Caste Review

Review by Sean T.

Caste: The Origins of Our Discontent by Isabel Wilkerson is an amazing thought experiment in which our cultures “caste system” is examined in terms that don’t accuse, nor excuse. It does look it right in the eye however.

The challenge here for an author, any author, is to examine these issues with clarity. The additional challenge is to demonstrate, as she does through anecdotal evidence, how the caste system in our culture came to exist, when it was imitated with disastrous results, and how we fail to address the very real need to alter the terms of perception in order to eliminate assumptions about inferiority.  However, her comparisons of India’s caste system, Germany and the Jews under Nazi rule, and the United States treatment of African Americans show the systematic dehumanization within these cultures.  They also demonstrate the very long road we have to travel.

From the first pages I was caught in the idea that we have a system ingrained in ourselves of measuring people by the color of our skin. That we rankle when asked to consider people by the value of their ability to contribute, not on the basis of genetics.  Who will be given opportunity and respect, and who will not.  When and how a culture turns to brutality to enforce its caste system depends largely on dehumanization and a culture of ignorance.  Such a setting has been decades in the making here in America.

Wilkerson avoids the use of the term racism, and though there is an argument to be made for conflating the terms of race and caste she deftly demonstrates through stories of the Jim Crow South how separate facilities, drinking fountains, and even lynching were part of the culture of the post-civil war south, and how that affects our culture to this day. She also discusses how the Nazis sought to imitate America in its systematic racism, but even they thought America went too far. How do we rank the value of a human being based on race?  How do we determine they are inferior without relegating both them and ourselves to a slippery slope of presumed superiority? 

There’s lots of talk these days about the meaning of The Declaration of Independence and the Constitution, yet most people either haven’t actually read those documents, or have interpreted them within their very narrow privilege.  That privilege is the difficulty presented when attempting to dismantle a caste system.  It can and has been done, unfortunately with much bloodshed on both sides as in Nazi Germany.
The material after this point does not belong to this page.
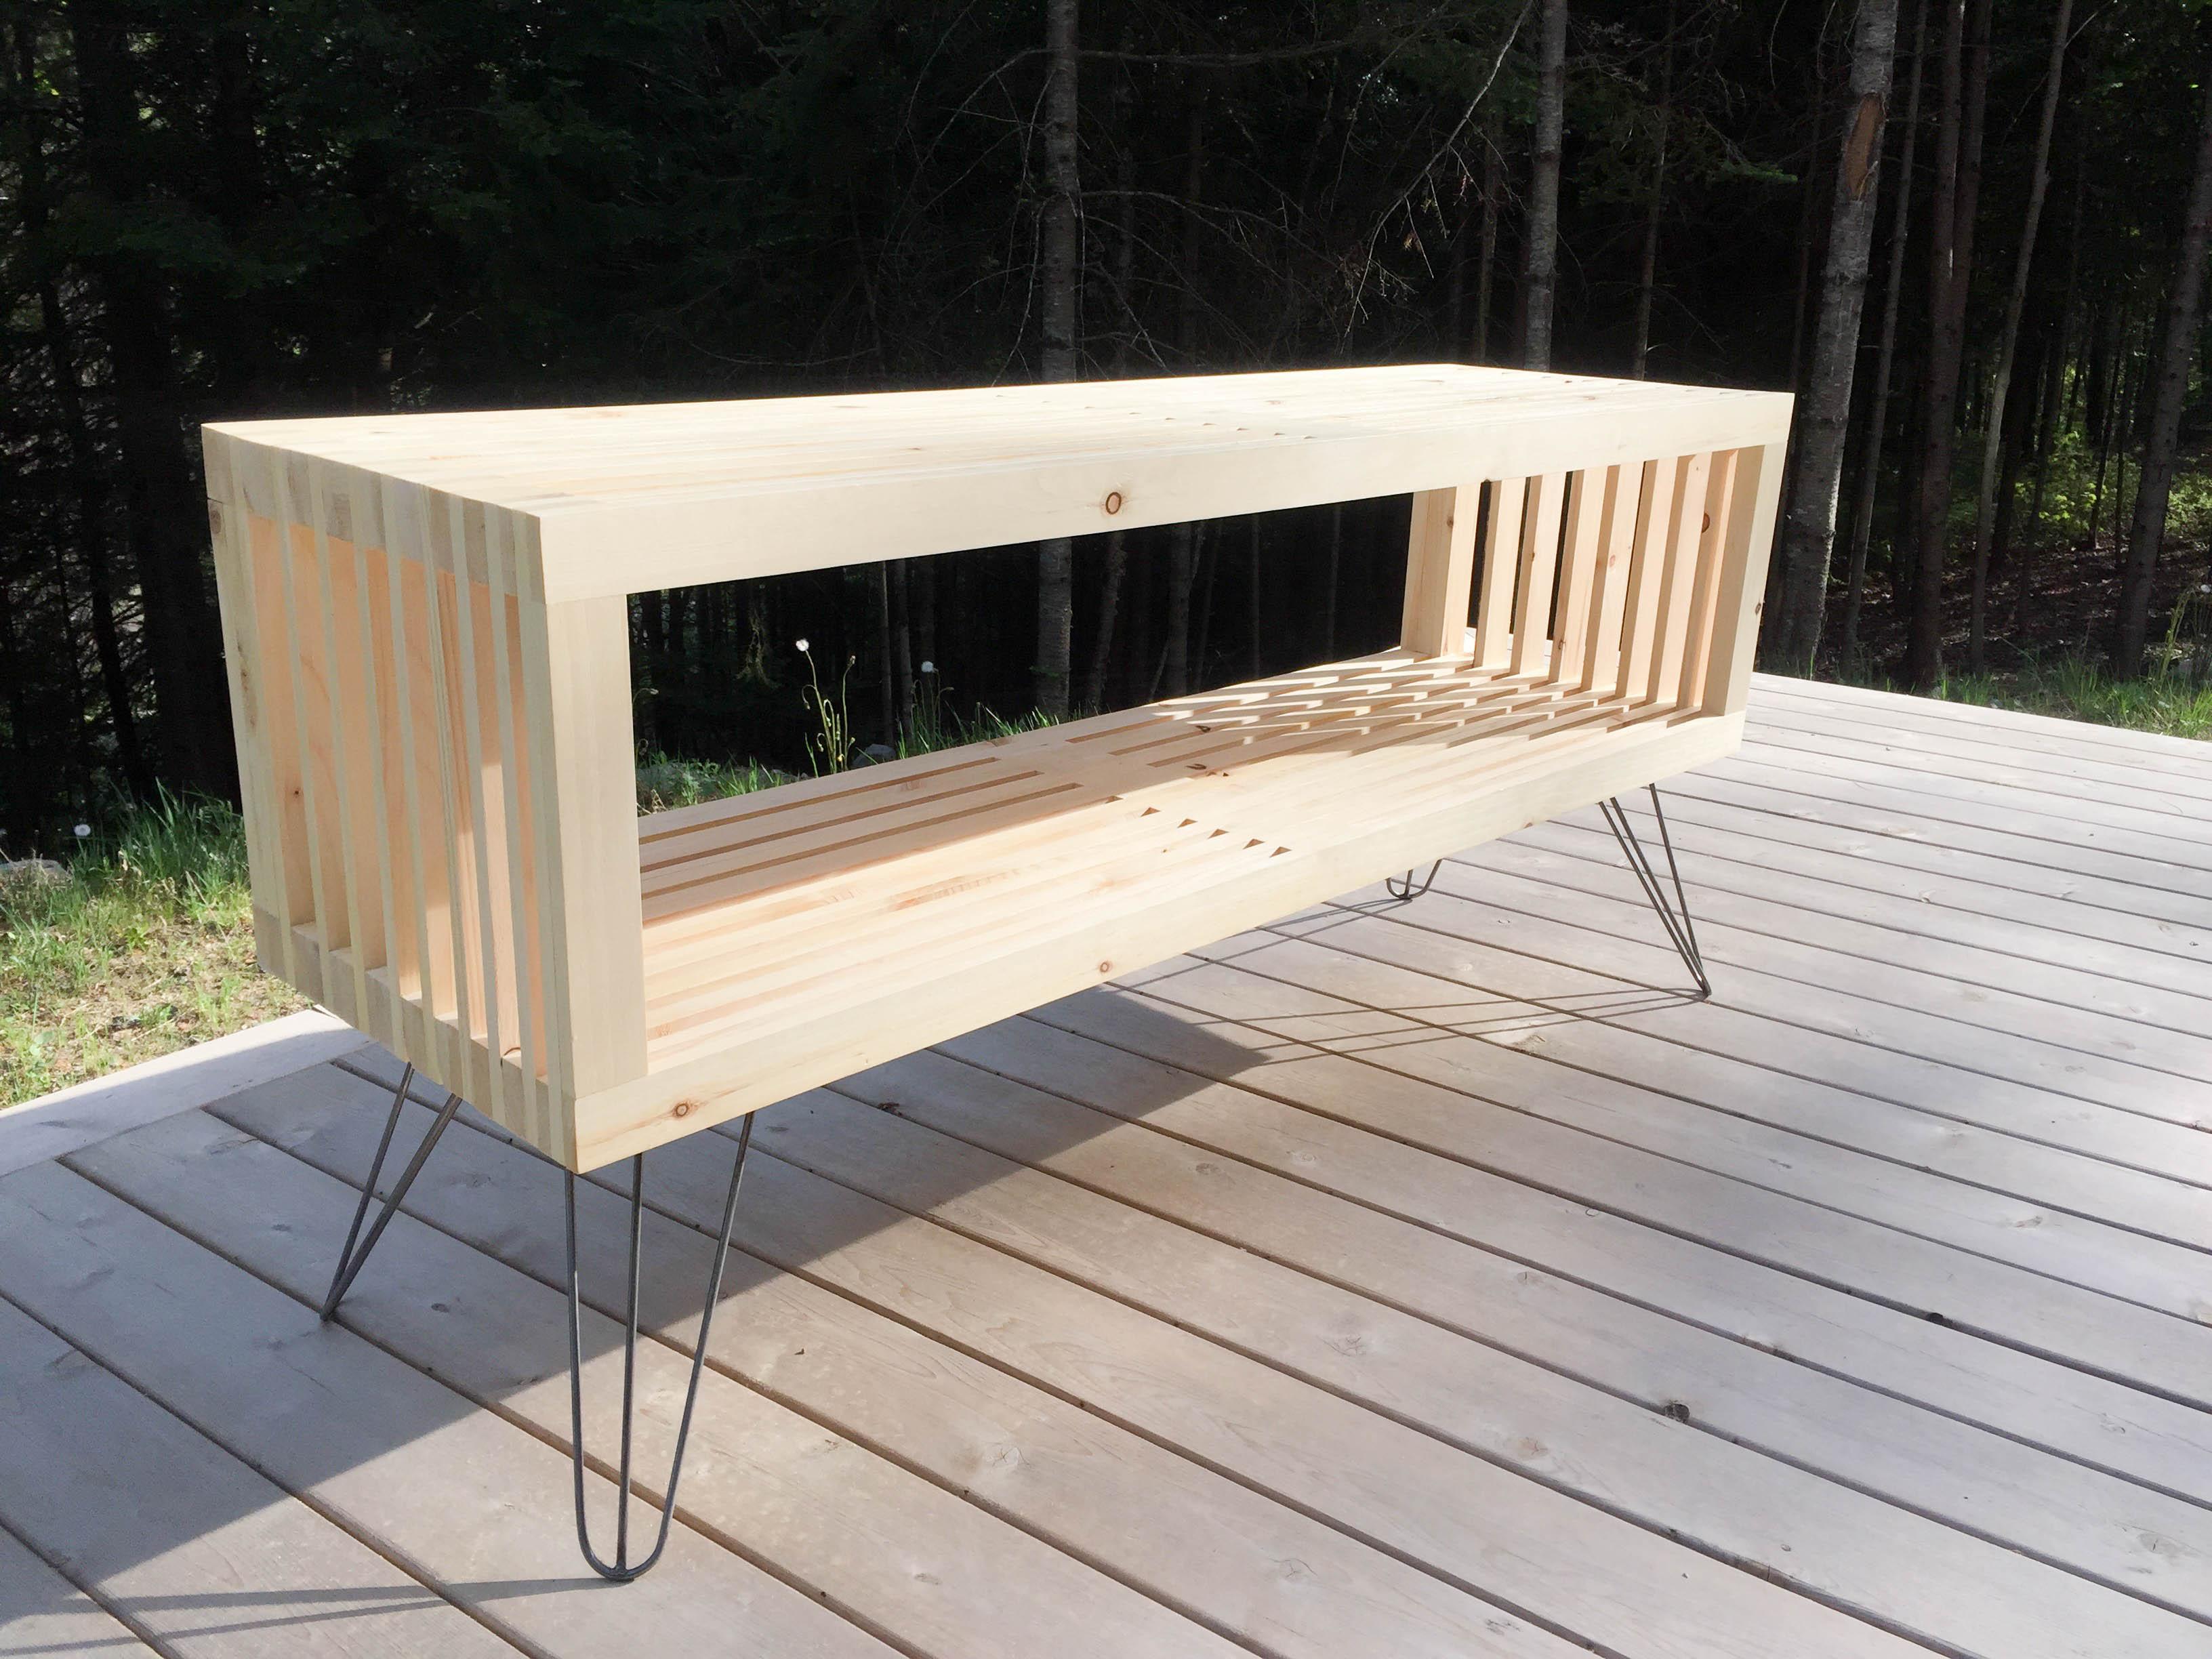 meubles roll 3-10

It’s also been emboldened and further entrenched in a society with disastrous results as in India.

There’s an urgency to Wilkerson’s book. In a time when those who would further entrench caste in our culture are in charge of interpreting the aforementioned documents demonstrate a very real intent to see that caste continues. And to insure that we take giant steps backward when we’d barely begun to progress. 

Wilkerson’s book serves to point out, but not salve the wounds we inflict on one another, and on ourselves as a culture. To challenge us to look within the structure that exists, and the ways in which we foster its existence. It strives to give us hope that change can come. But it reminds us that we have work to do.